NFT is a perfect container for DID credentials, since the issuer could be regard as the authority and the holder could be regard as the identity user. And different NFTs refer to different credentials. Multi-purpose NFT is a draft RFC standard for flexible usages. It could also be used for the DID life cycle, including the authorization, attestation, revoke, renewal, and so on. Here we give a general idea about the DID adoption, and hope it could inspire more user scenarios.
mNFT protocol has a three-layered structure, including the issuer, the NFT class, and the specific NFT. The issuer could be set to the trust root, or the authority, who takes charge of identity verification. A NFT class stands for a group of NFTs with the same features, like US citizen, driving license, qualified investor, and other credentials. And the NFT itself, is the final proof that the users hold.
Authorities could permissionlessly create an mNFT issuer cell to identify itself. Then they create NFT class to identify a specific type of credential, like nationality or wealth level. The authority could send the NFT class cell to their agency to help distribute the NFT/DID attestations. After the off-chain identity verification, the agency then create and send the attestation (NFT Cell) to the end user.
The authorities record the data hash of detail information about user’s identity in the DID NFT postscript data field. Raw information is not suggested to reveal on-chain because of the privacy consideration.
To revoke an attestation or DID NFT, the authority has to publish a revoke list on-chain, instead of burning the user’s NFT. Because no one could move user’s assets without their approval, even the issuer.
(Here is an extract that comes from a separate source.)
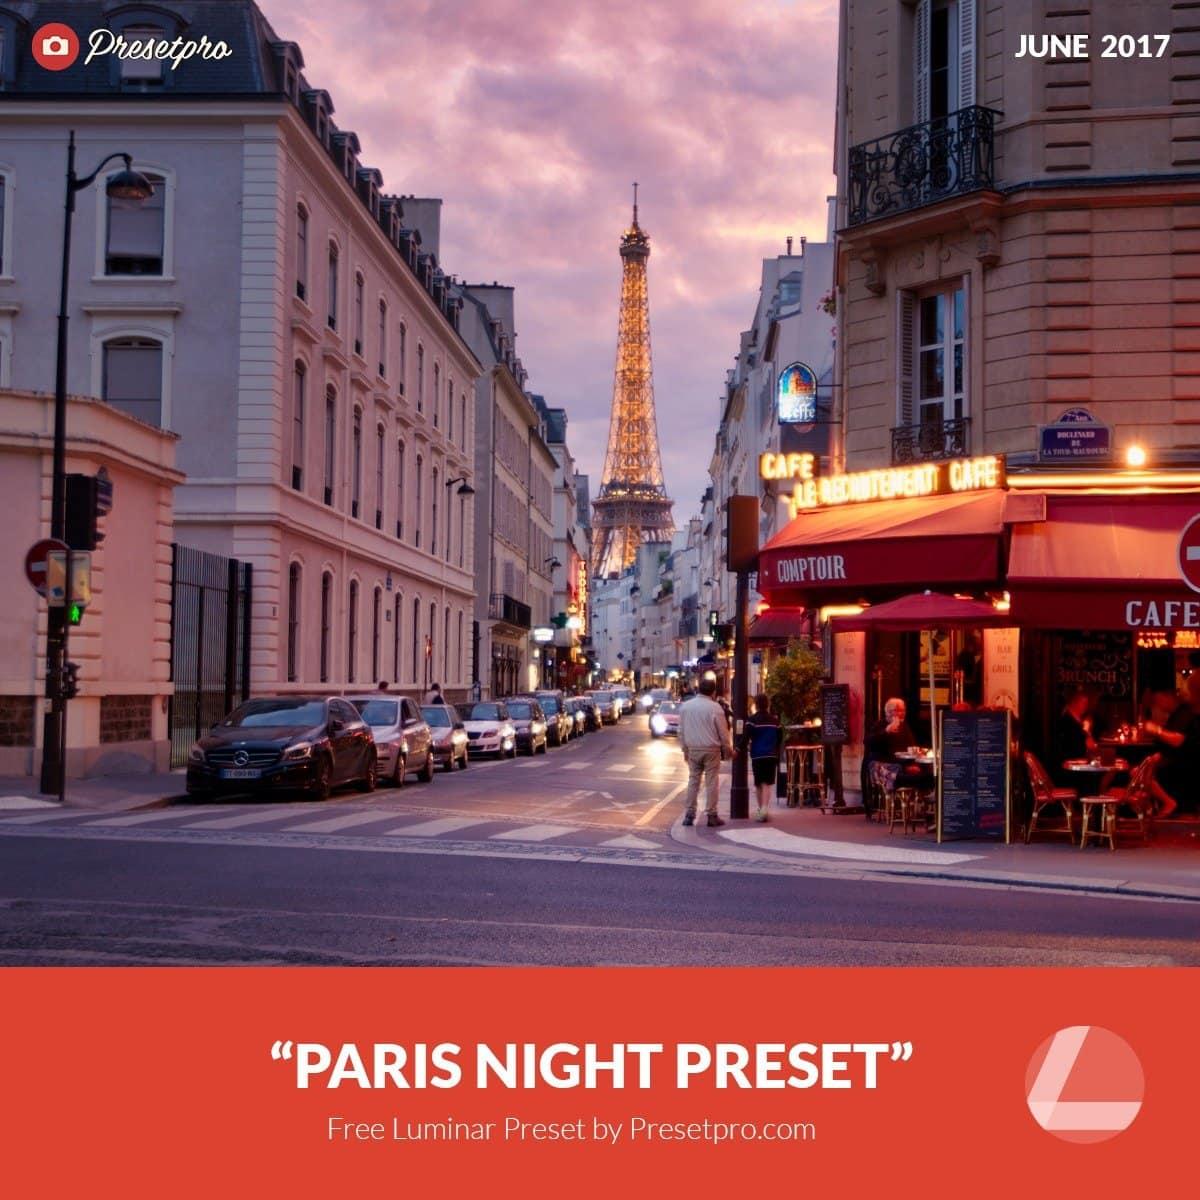 Free-Luminar-Preset-Paris-Night-Presetpro.com

The DID NFT has to be set to untransferable to prevent fraudulent usage.
Usage & Proof
To use the DIDs, one could should their DIDs to the 3rd-party institutions that need verify the user’s identity. The user sign a specific text announcement with their wallet to prove the ownership of the DID NFTs. On receiving proof, the 3rd-party instituton turns to the on-chain revoke list to check the DID availability.
To access the raw information, the 3rd-party instituton need contact with the original authorities to get the information and check it with the on-chain hash. During this process, the authoritiies aka. the DID issuer could charge commission fee for the service.